At just 27 years old, Canadian filmmaker Xavier Dolan has an almost overwhelming set of accolades alongside his name. All six of his feature films have won major awards, including this one, which like several others tackles a dysfunctional family with style, humour and unflinching nastiness. This one also features a stellar cast at the top of their game, and a situation that's almost painfully easy to identify with.

It opens as Louis (Gaspard Ulliel) arrives at his rural family home for the first time in 12 years to tell his family that he's dying. But he finds it difficult to get the words out. His mother Martine (Nathalie Baye) is chirpy and excited, his older brother Antoine (Vincent Cassel) challenges everything everyone says, and their younger sister Suzanne (Lea Seydoux) is curious to learn more about this brother she never really knew. And then there's Antoine's eerily patient wife Catherine (Marion Cotillard), who quietly observes everything until she understands what Louis is struggling to tell everyone, long before he can say it out loud.

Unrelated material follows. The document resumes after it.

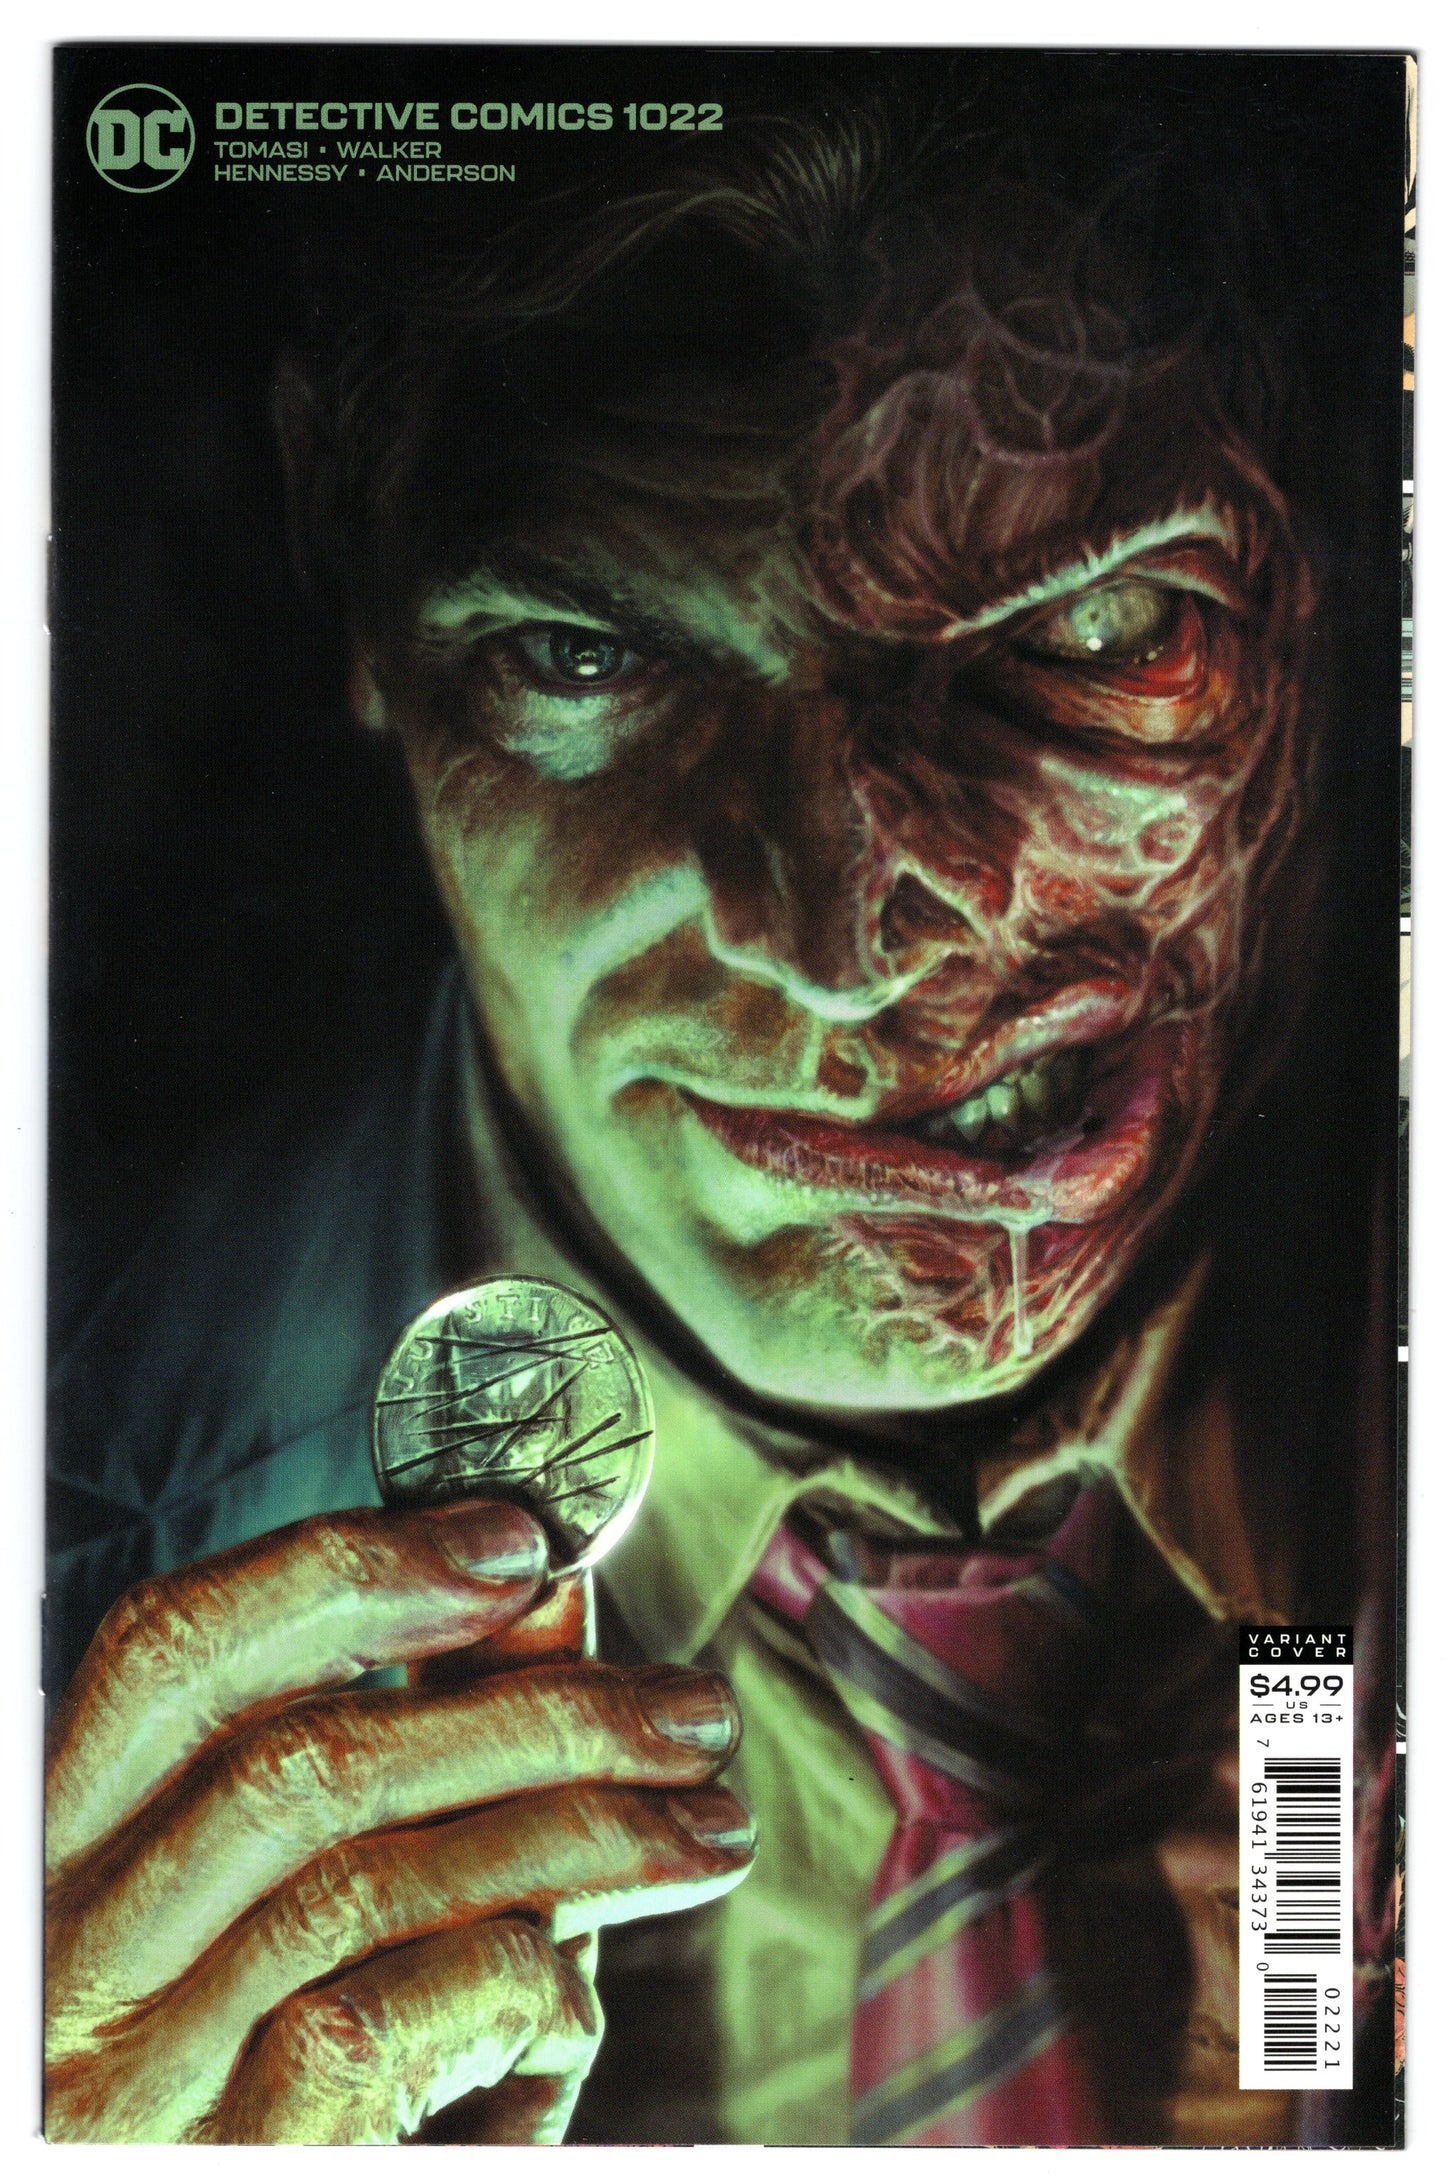 Detective Comics #1022 "Variant Lee Bermejoy Two-Face RARE Cover!" (July, 2020 - Marvel) NM+

Yes, this is an exploration of how awkward it is to go home again, falling back into old patterns of behaviour that make it very difficult to be yourself and say what needs to be said. And also how hard it is to understand the experiences and lifestyle of people we were once very close to who have moved on. The film is based on a play by Jean-Luc Lagarce, which is apparent in its closed-in location and the series of pointed conversations. And Dolan opens this out cleverly, using visually stunning camerawork that continually isolates the characters' inner thoughts and feelings in contrast to their outer actions. In other words, it's immediately clear why Louis left these people behind.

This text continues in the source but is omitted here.